What to do:
Pictures stay out of the copy, and everything else in the data below is repeated exactly.

Dataset section:

● ● ● ● ● ● ●

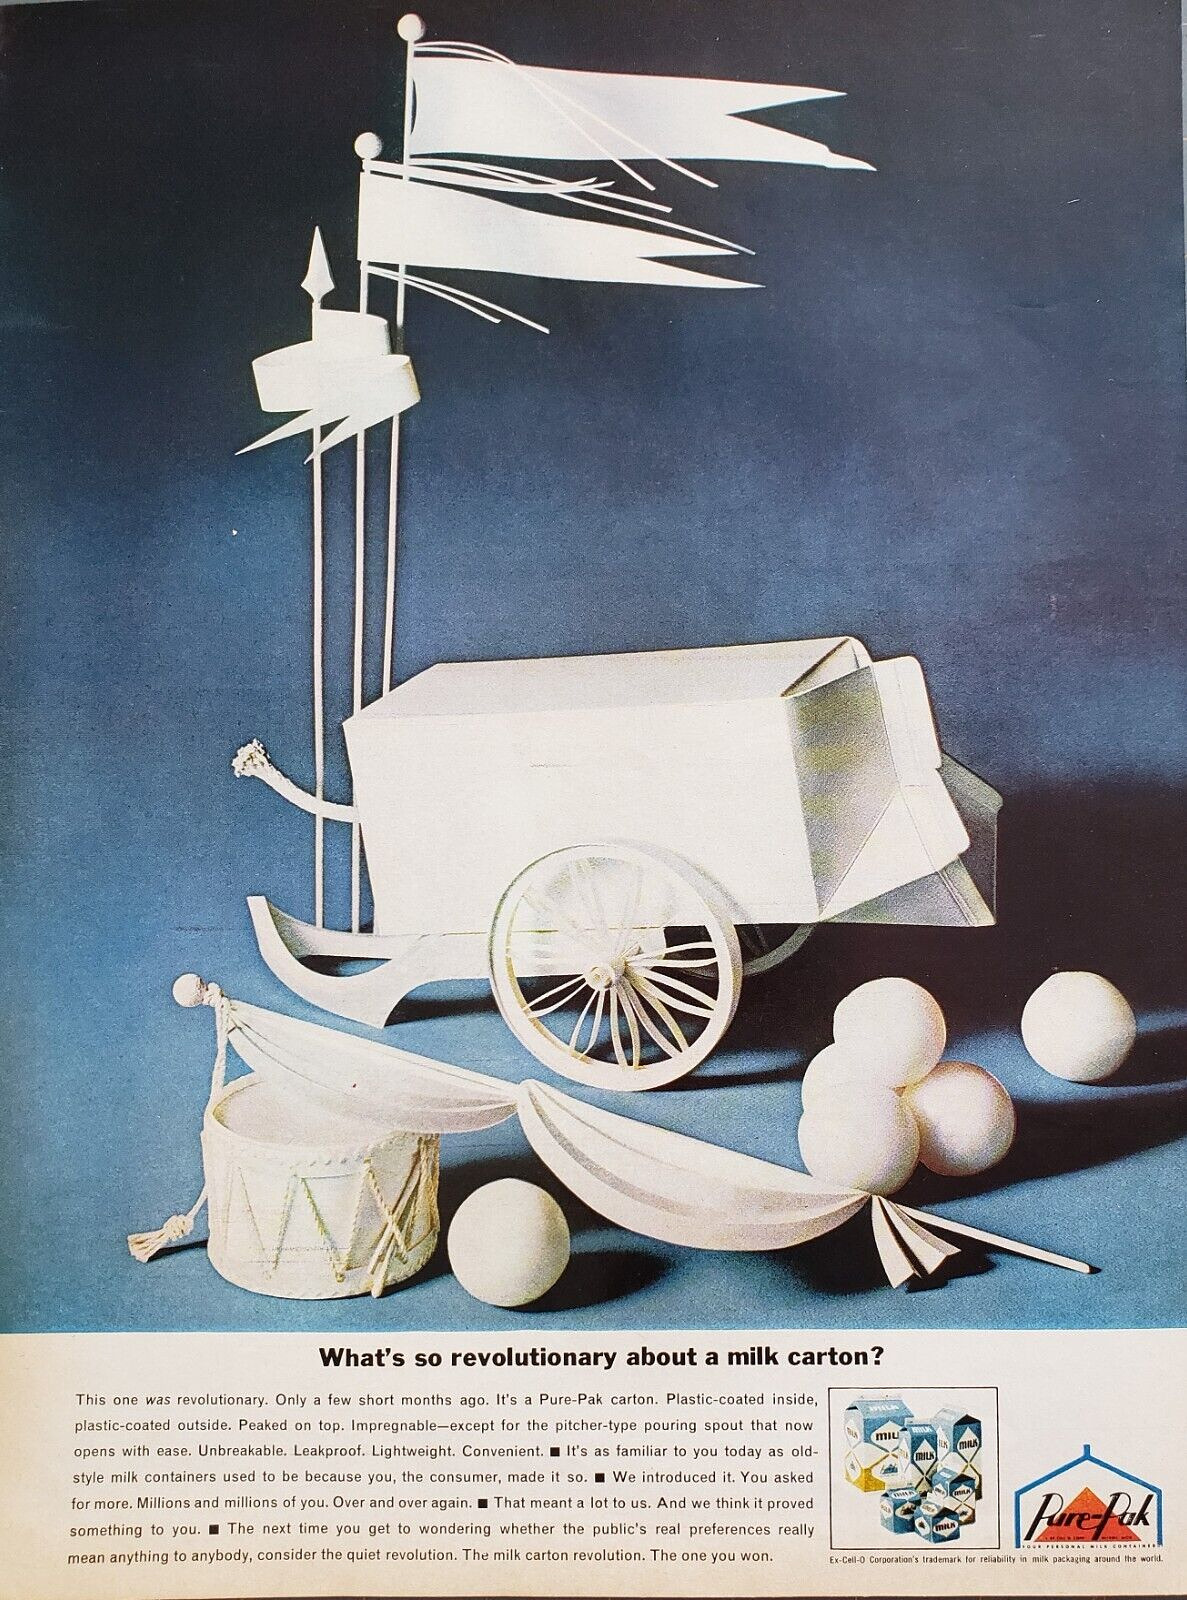 1963 Pure-Pak Milk Carton Plastic Coated Inside Drum Eggs Flags Print Ad
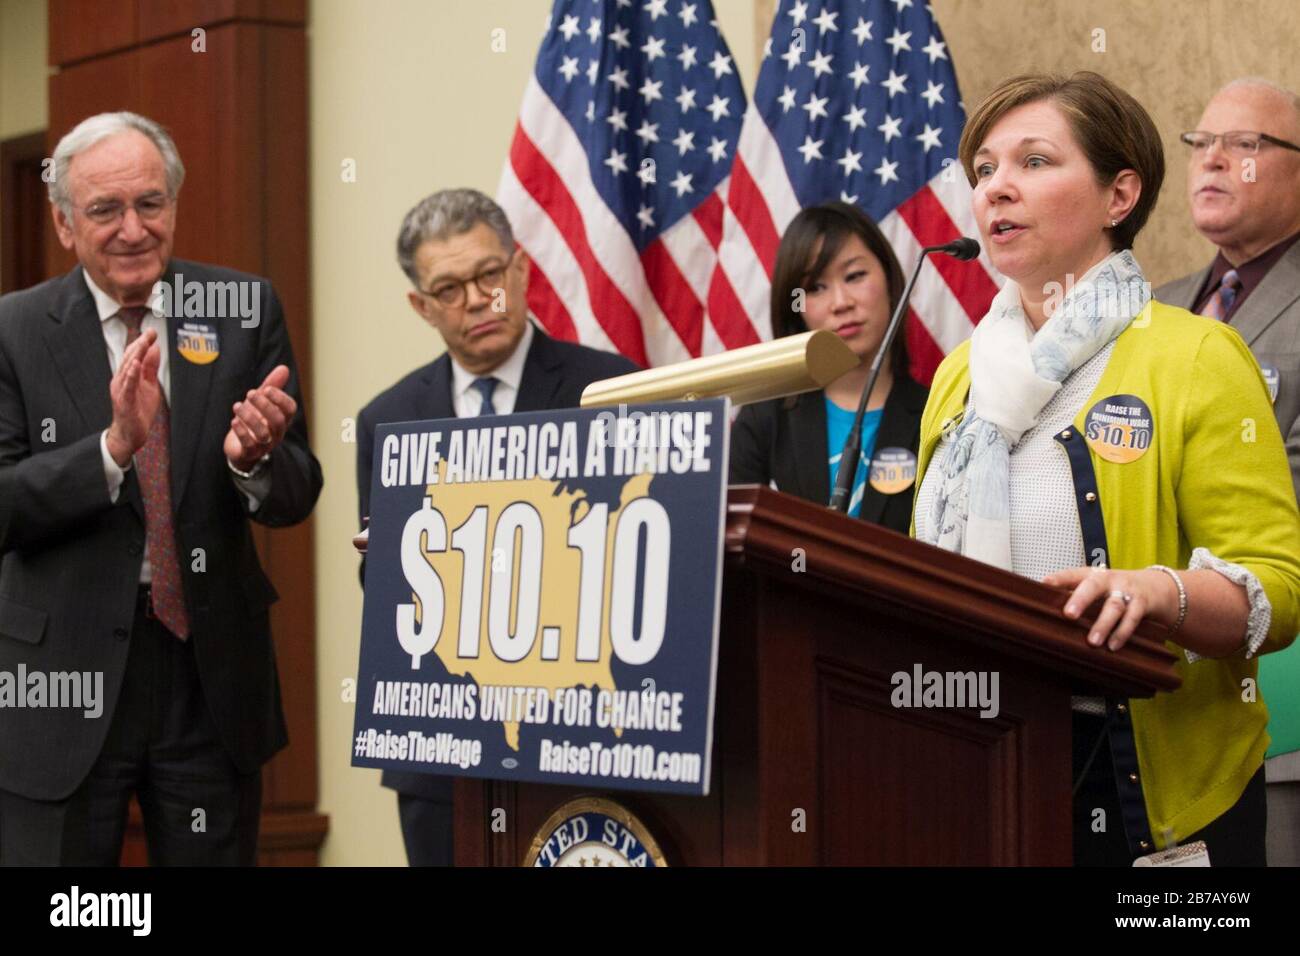 Gina Schaefer - Give America a Raise $10.10, 2014. Stock Photo
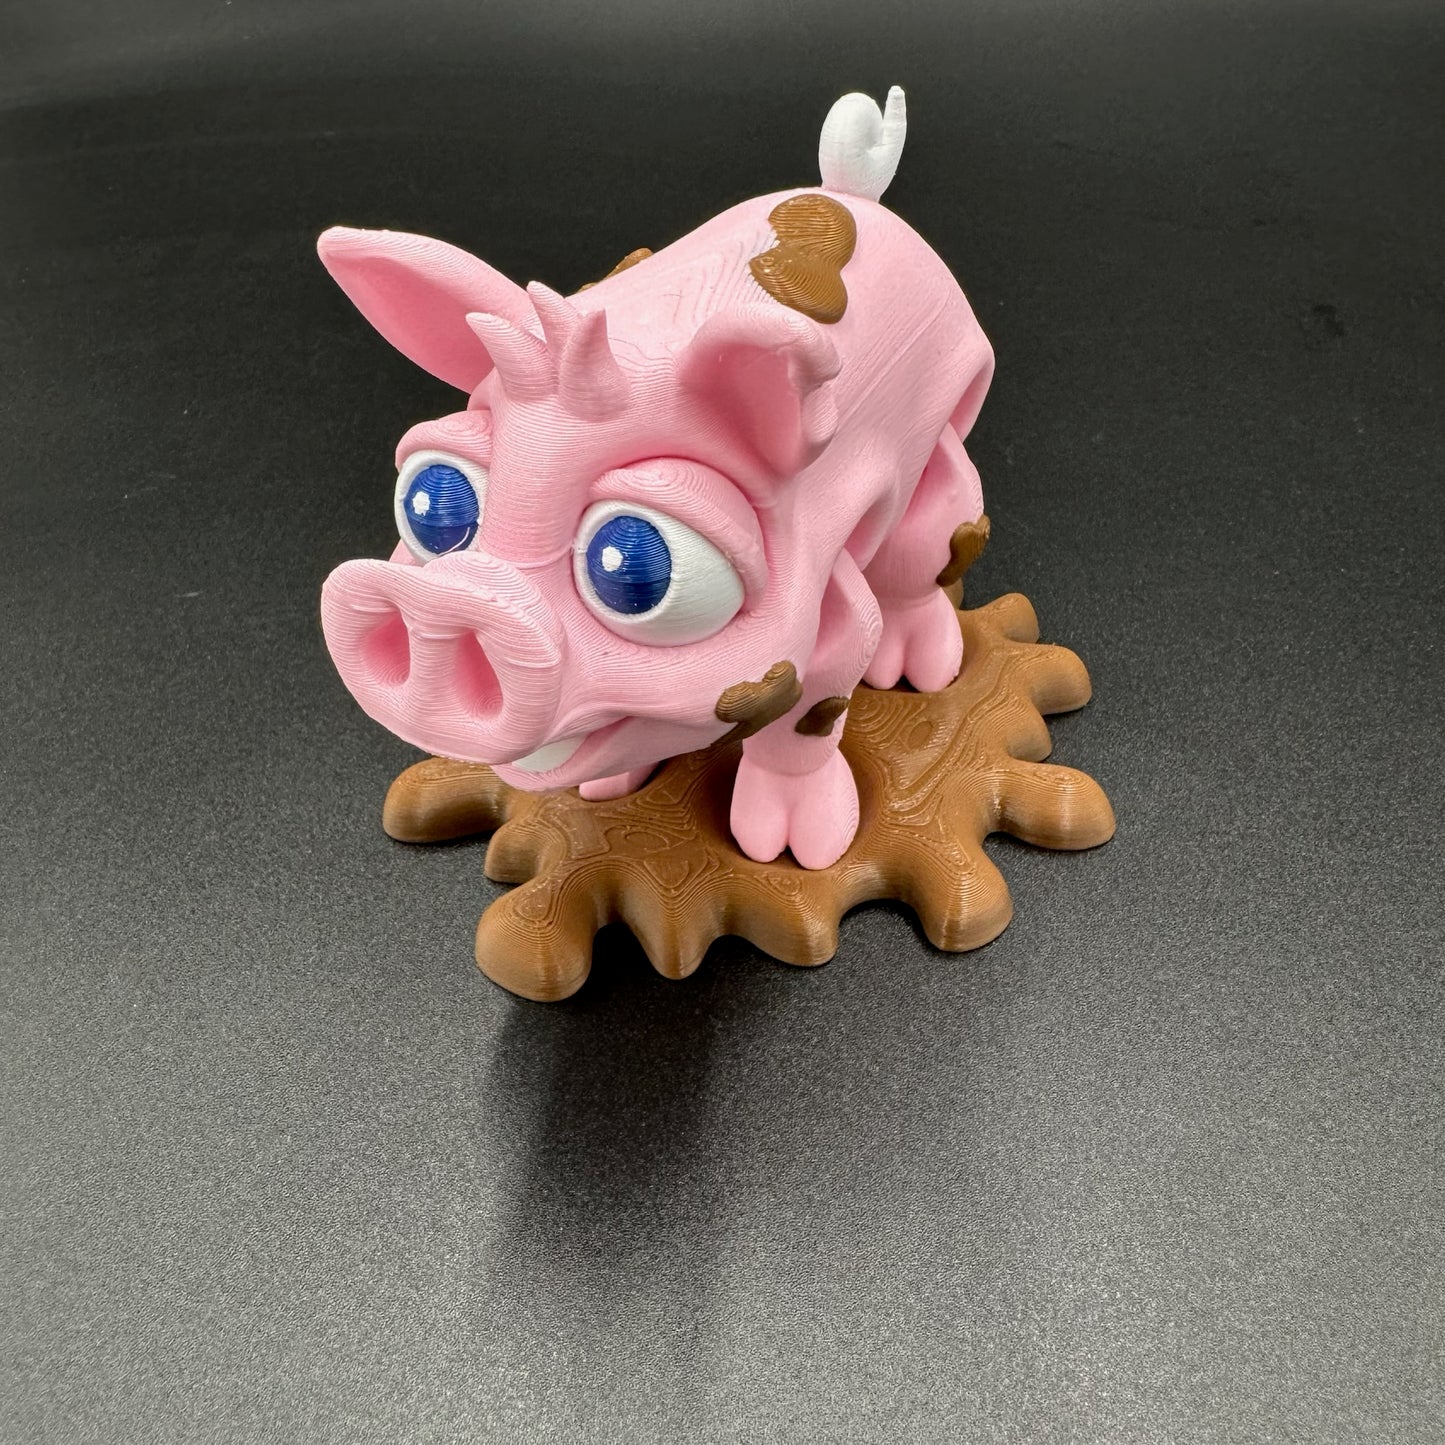 3D Printed Pig in Slop
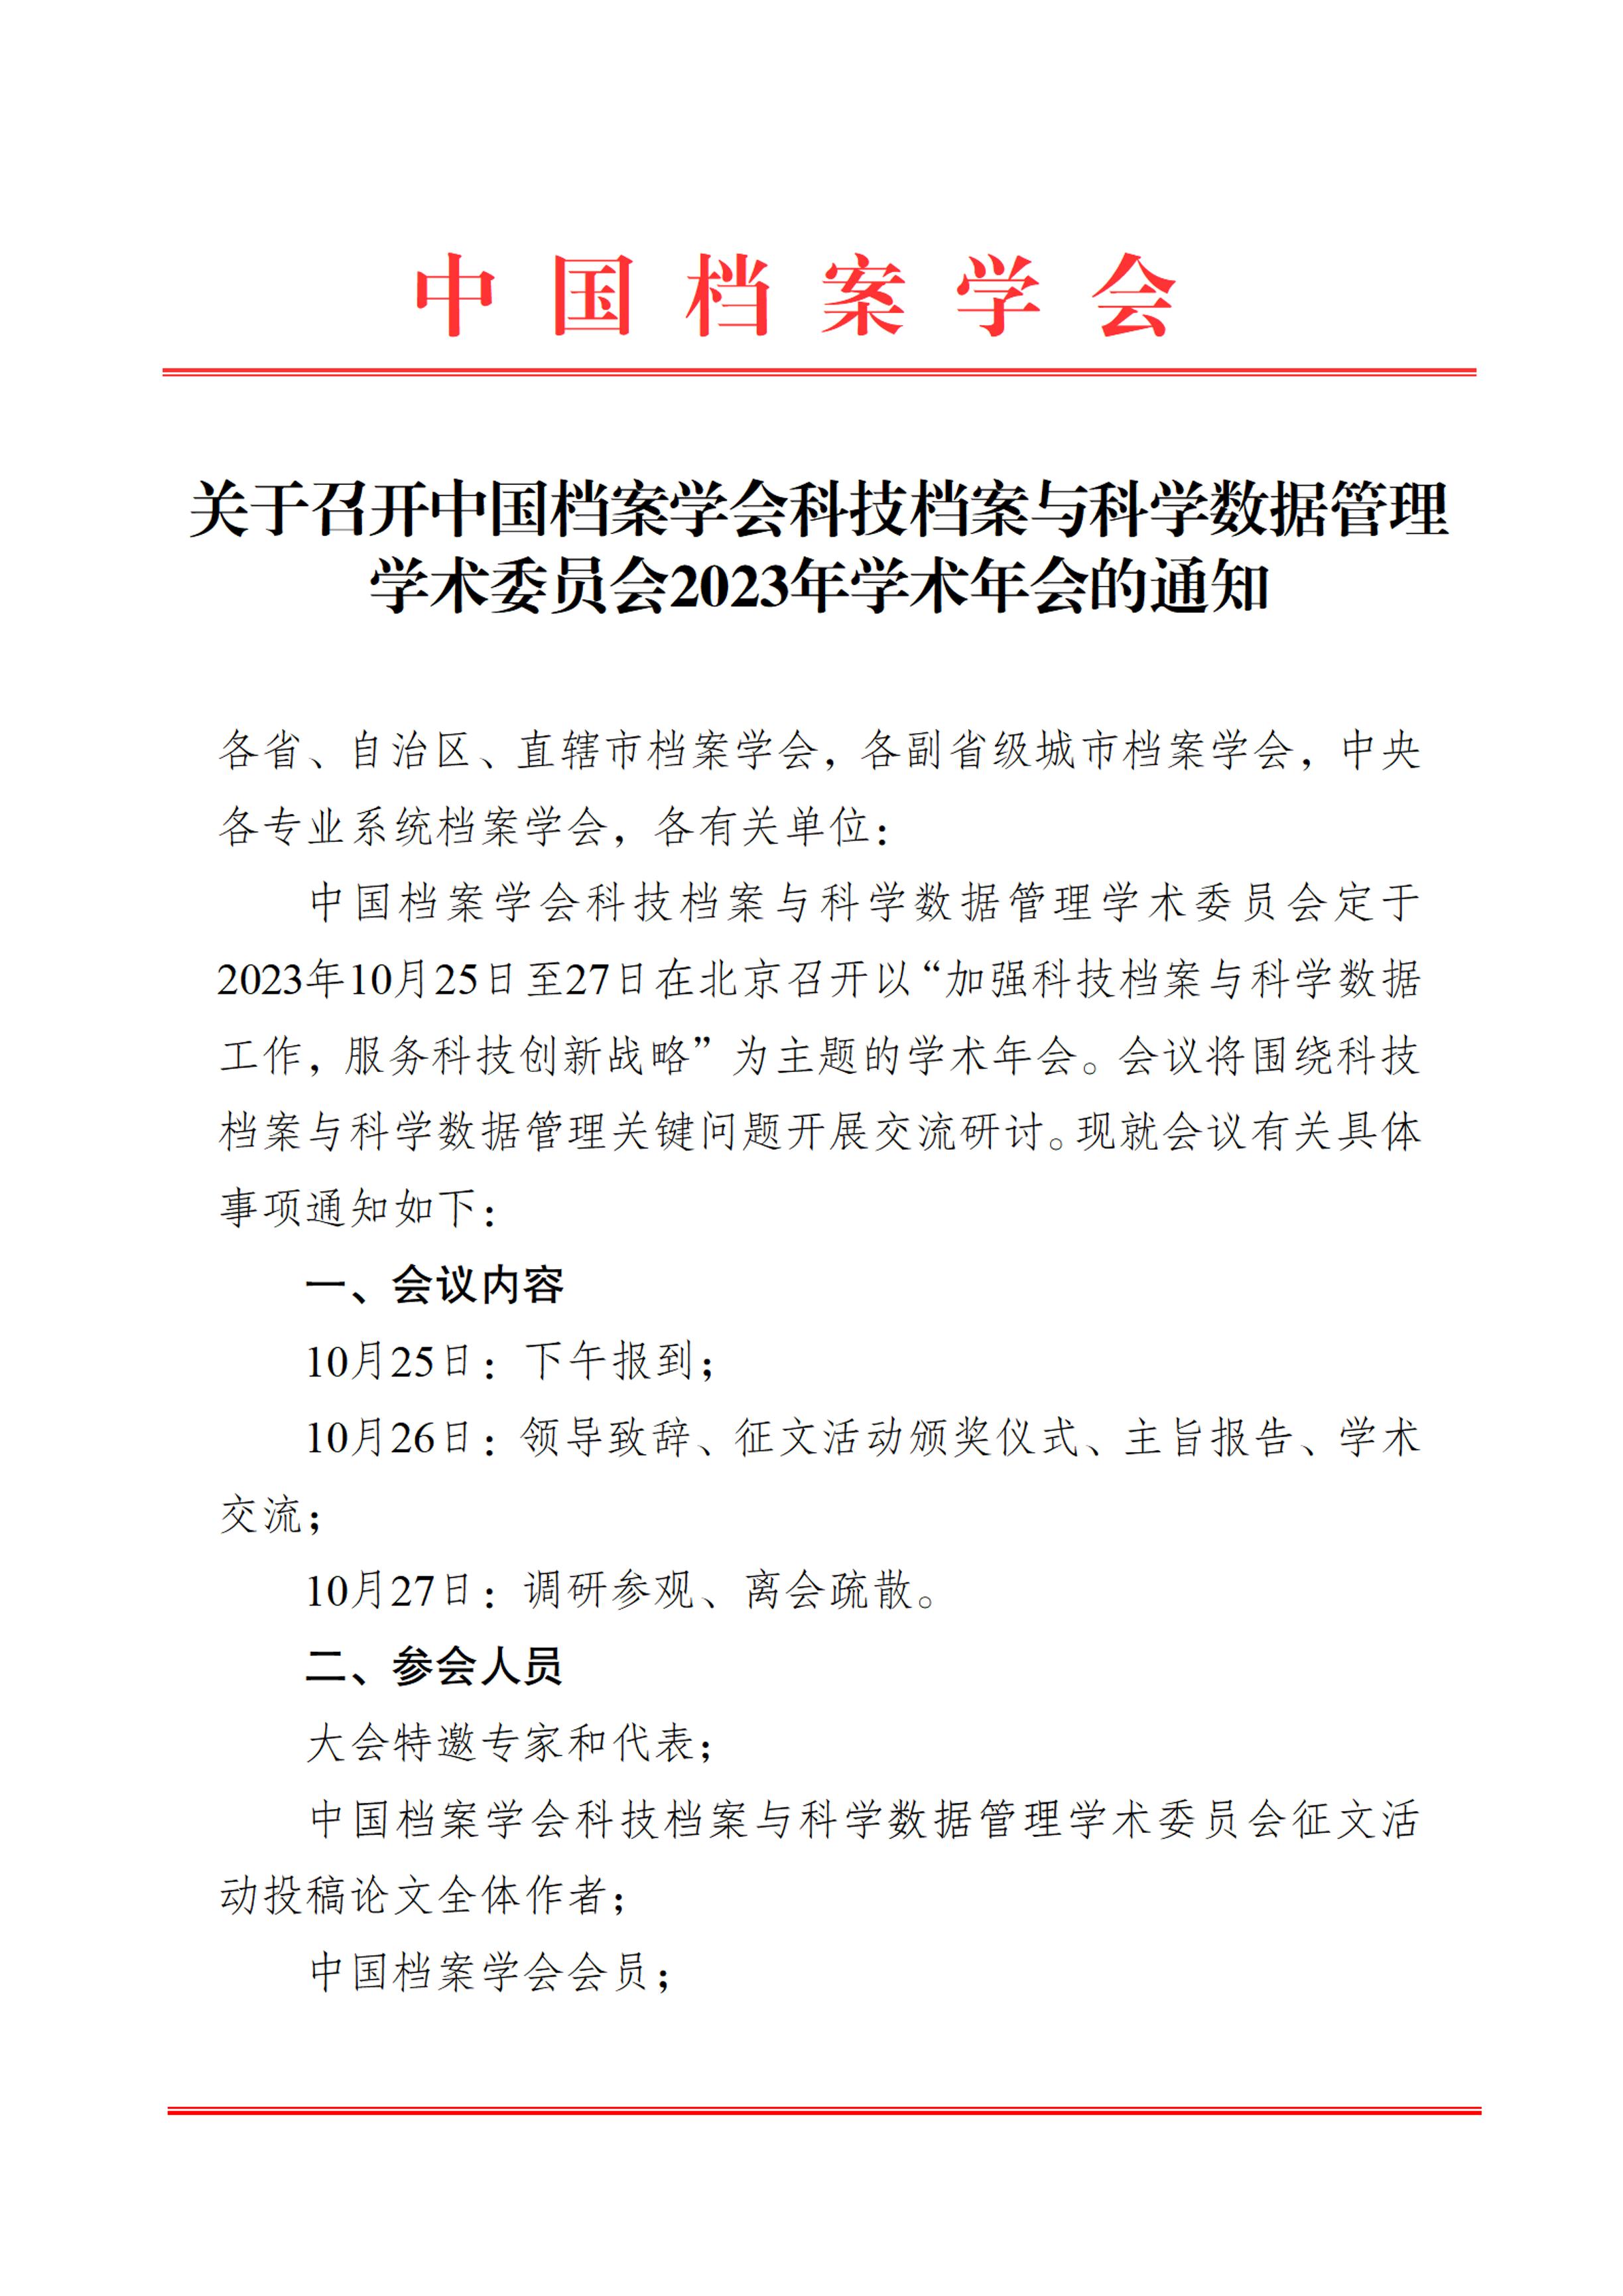 关于召开中国档案学会科技档案与科学数据管理学术委员会2023年学术年会的通知-0

● ● ● ● ● ● ●

Solution:
 1963 Pure-Pak Milk Carton Plastic Coated Inside Drum Eggs Flags Print Ad
 Gina Schaefer - Give America a Raise $10.10, 2014. Stock Photo
 3D Printed Pig in Slop
 关于召开中国档案学会科技档案与科学数据管理学术委员会2023年学术年会的通知-0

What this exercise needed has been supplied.